There’s also a replica bed in the room she shared with her sister. The bed is small, hardly bigger than a twin bed today. Perhaps Jane dreamed up her plots in just such a bed, 200 years ago. Perhaps she scribbled her ideas on the table in the room below, next to the fire where Cassandra kept a tea kettle warming. Perhaps she sat in the large garden, dreaming up the characters who populate her books as she watched the villagers in Chawton. Maybe visitors to the much larger and grander Chawton House inspired the literary themes she addressed in her novels: the poor relations scrimping while other members of the family lived in luxury nearby, the contrast between those who have and those who have much less.
Being a poor relation was probably not as bad as just being poor.
A coverlet quilt, made by Jane and her sister and mother using end cuts of fabric, is on display in an alcove upstairs. The coverlet had a backing but no wadding in between. The pieces are diamond shaped, with a large basket design in the middle. In one letter, Jane reminds her sister to pick up more fabric pieces while she’s visiting their brother:
“Have you remembered to collect pieces for the patchwork? We are quite at a standstill…”
The photos below were taken on a previous visit, when the weather was much better.
In contrast, Edward Austen Knight, who inherited his adopted family’s wealth, lived in the much more imposing Chawton House a half mile away. He also had a home in Kent, where he, his wife and eleven children spent much of their time.
Jane and her sister visited Chawton House and ate in the dining room there, served by servants they couldn’t themselves afford. Jane was a good aunt to all her neices and nephews, but Fanny Knight was especially close to her.
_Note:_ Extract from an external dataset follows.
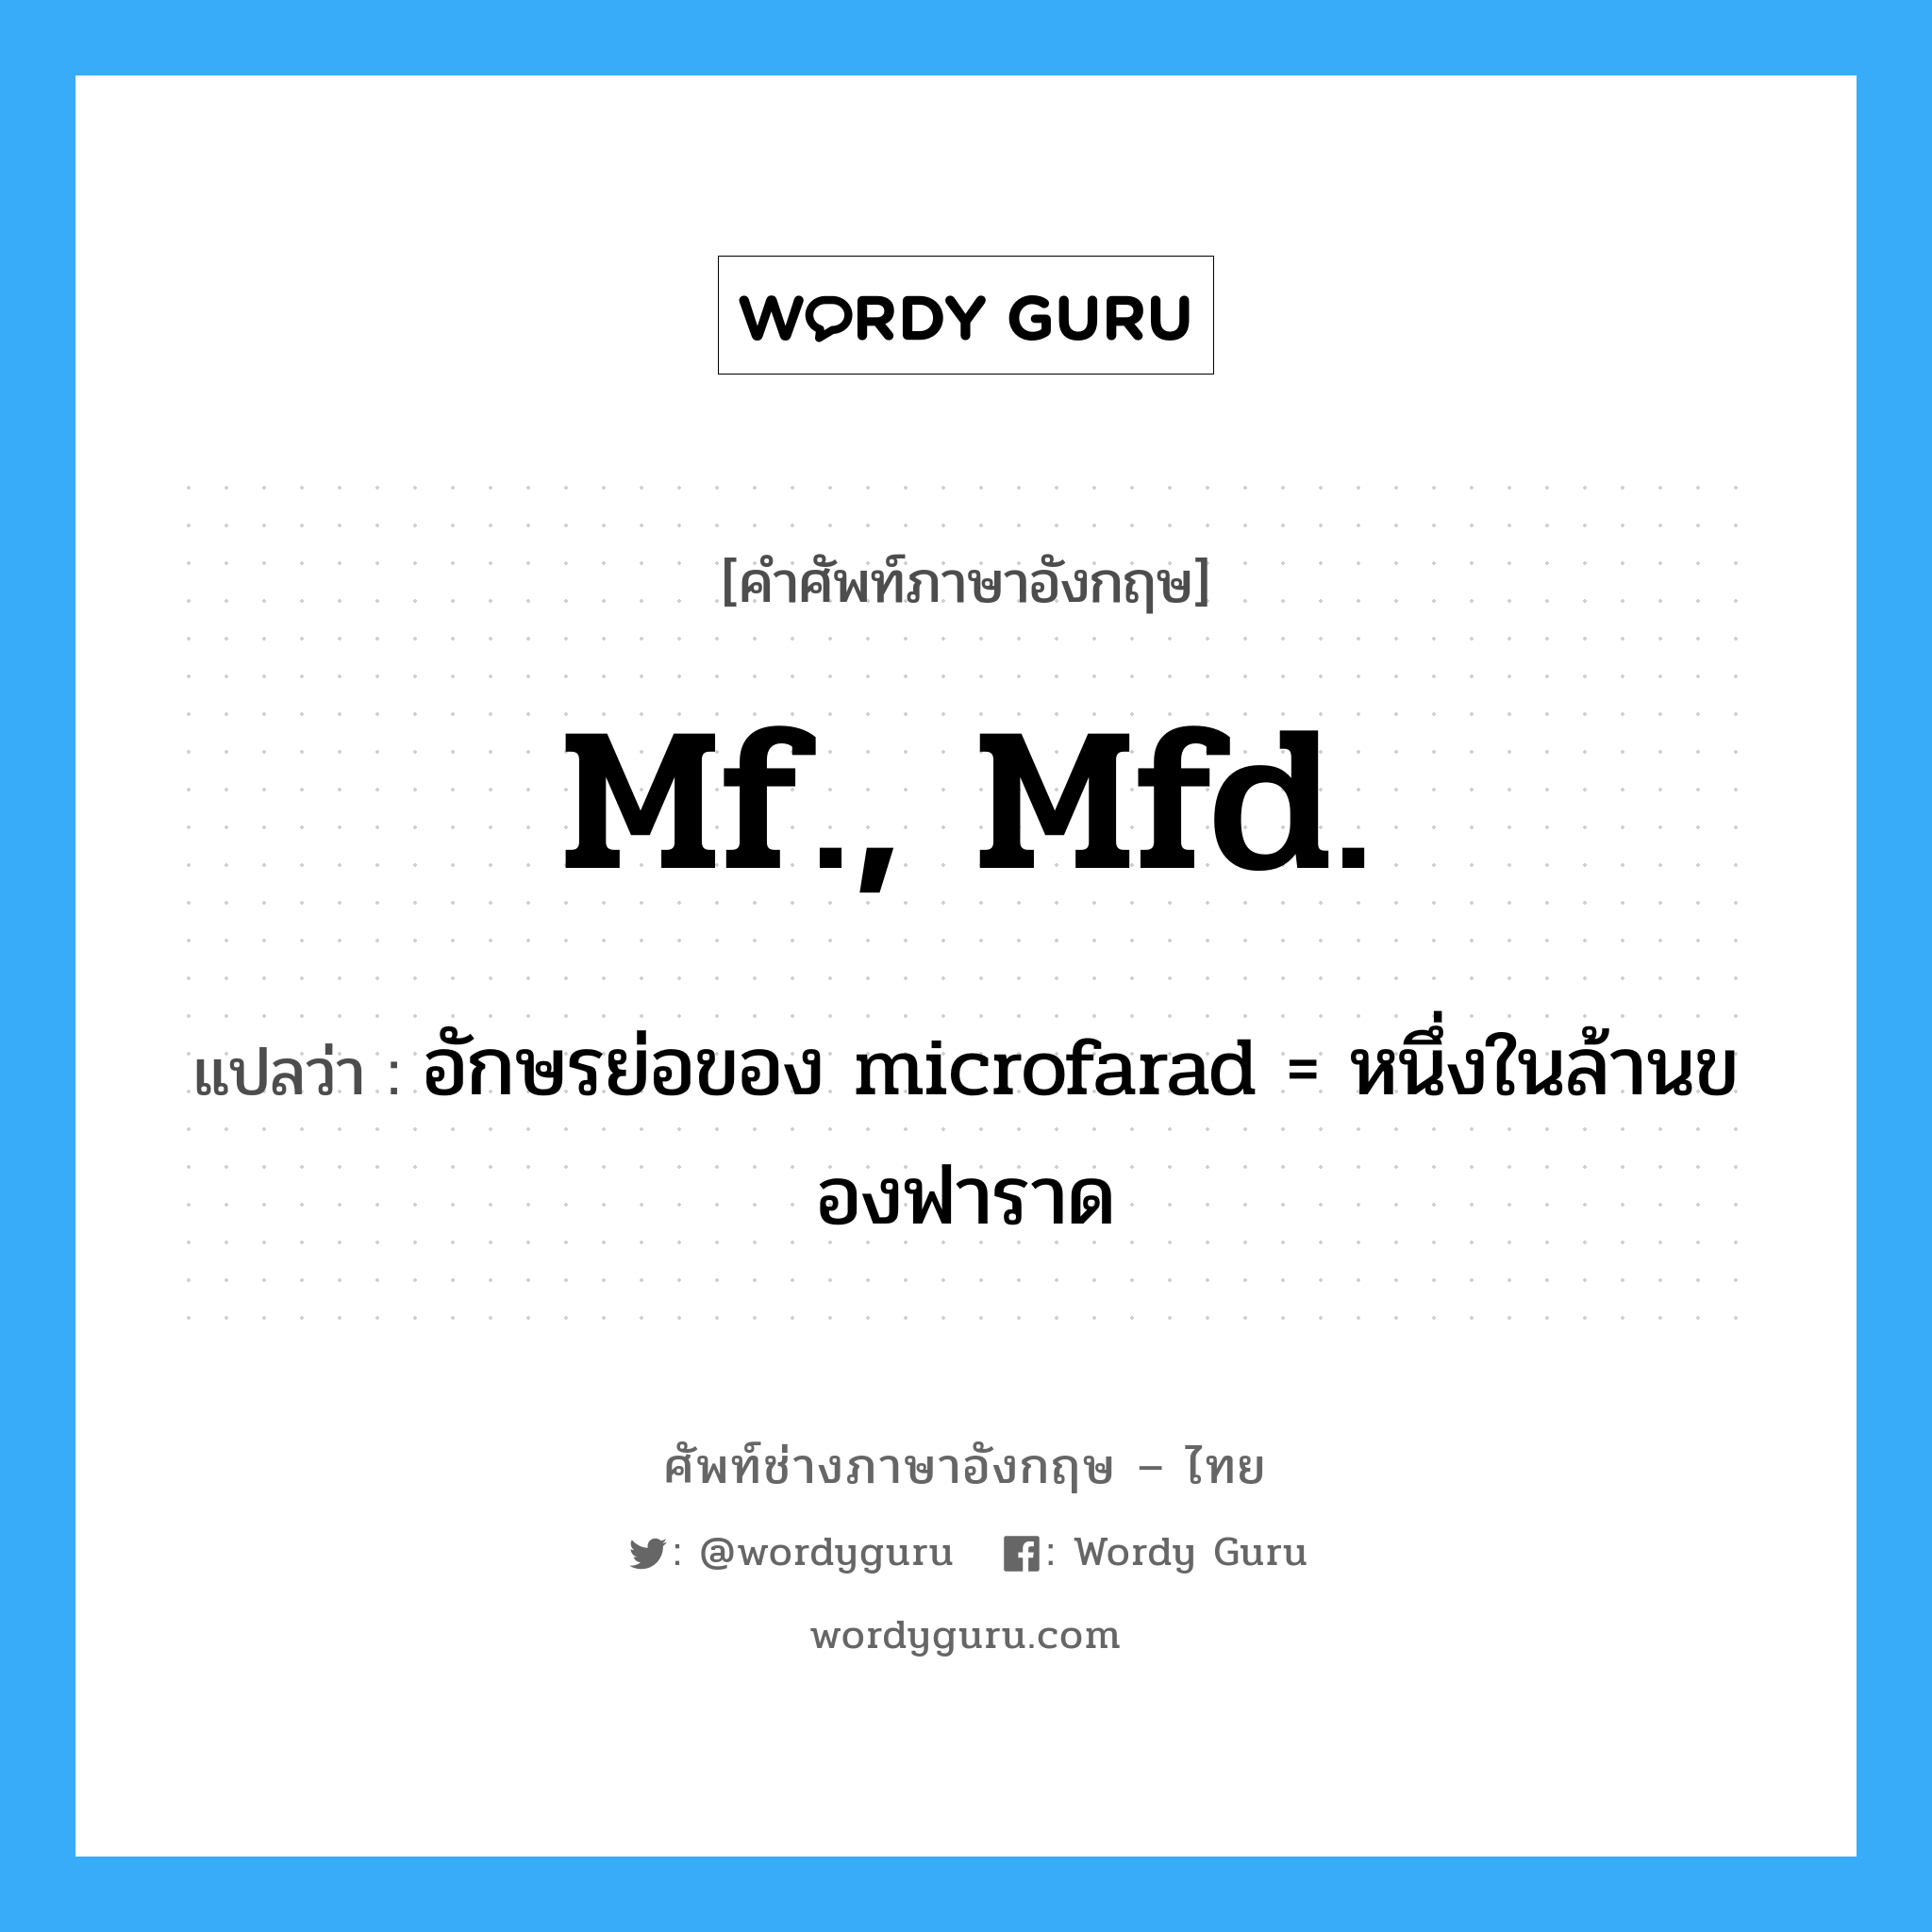 อักษรย่อของ microfarad = หนึ่งในล้านของฟาราด ภาษาอังกฤษ?, คำศัพท์ช่างภาษาอังกฤษ - ไทย อักษรย่อของ microfarad = หนึ่งในล้านของฟาราด คำศัพท์ภาษาอังกฤษ อักษรย่อของ microfarad = หนึ่งในล้านของฟาราด แปลว่า mf., mfd.

In the upstairs hallway there’s a poignant letter from Cassandra to Fanny, written after Jane died:
“I have lost a treasure, such a Sister, such a friend as never can have been surpassed — she was the sun of my life, the gilder of every pleasure, the soother of every sorrow, I had not a thought concealed from her, & it is as if I had lost a part of myself.”
Chawton is in Hampshire, about an hour from London. If you can’t get there, the website has a virtual tour. And do check with the Met Office before journeying to Chawton; if peltering rain is forecast you might bring an umbrella.